The ultimate goal of thermal analysis is to ensure that the entire system can operate stably, especially to ensure that the junction temperature of the chip does not exceed the safe threshold. If this cannot be guaranteed, the FPGA chip will suffer significant drawbacks in performance metrics, reliability, and lifespan, such as continuous system restarts, failure to meet timing requirements, or even failure to ensure correct functionality. Thermal analysis must consider various actual environments in which the FPGA operates: from the ideal environment of a temperature-controlled laboratory to the extreme cold/heat of outer space. The subsequent power consumption analysis is closely related to thermal analysis.

The total power consumption of the entire FPGA design consists of three parts: 1. Static power consumption of the chip; 2. Static power consumption of the design; 3. Dynamic power consumption of the design.

1. Static power consumption of the chip: The power consumed mainly by the leakage current of transistors when the FPGA is powered on but not yet configured.

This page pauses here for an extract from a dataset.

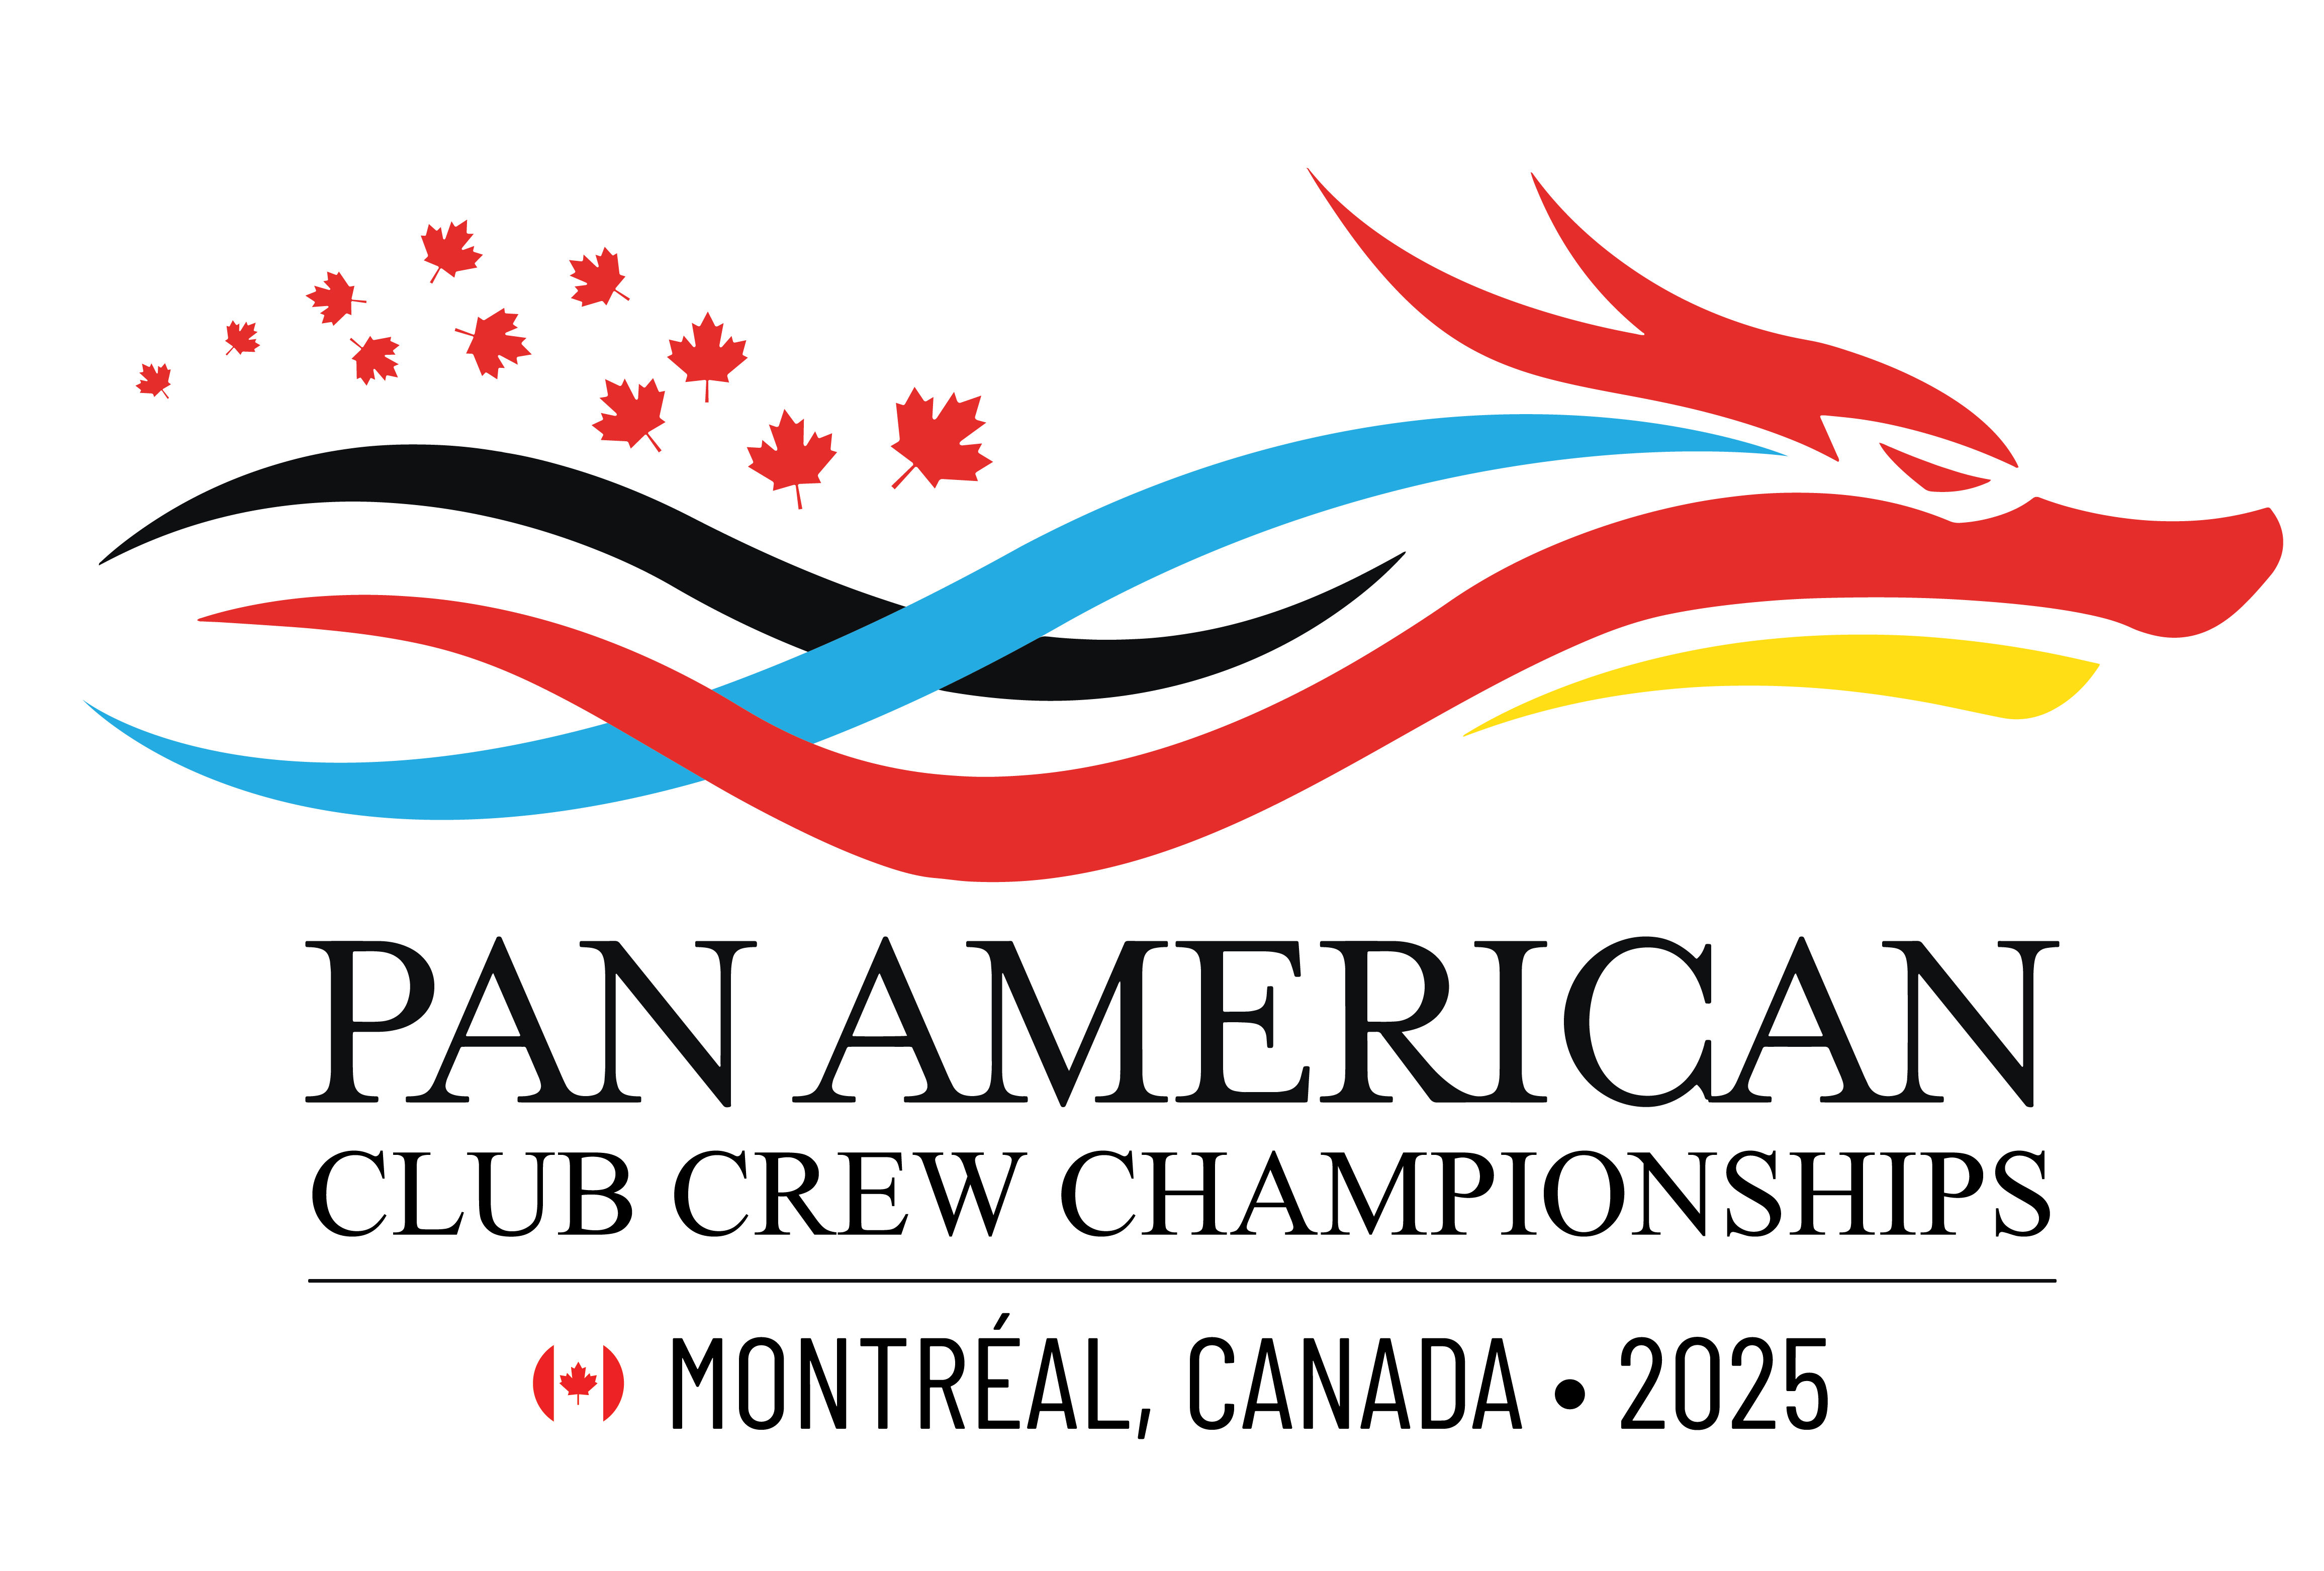 Pan american club crew Championship

2. Static power consumption of the design: After the FPGA is configured, when the design has not yet started, it requires maintaining the static current of I/O, clock management, and other circuit static power consumption.

3. Dynamic power consumption of the design: The power consumption of the design after it has started normally; this part of the power consumption mainly depends on the voltage levels used by the chip and the utilization of internal logic and routing resources of the FPGA.

Therefore, the first two parts of power consumption depend on the FPGA chip and hardware design itself, making significant improvements difficult. The third part, dynamic power consumption, can be optimized, and this part accounts for about 90% of the total power consumption. Thus, reducing dynamic power consumption is a key factor in lowering the overall system power consumption.

Figure 1 shows the mechanical components that significantly affect the thermal performance of the FPGA chip: heat sinks on the top and bottom layers, pads, and vias. Additionally, the size and quality of the pads, whether thermal grease is used, the extent of air convection, and the size and number of layers of the PCB all influence the final thermal performance metrics.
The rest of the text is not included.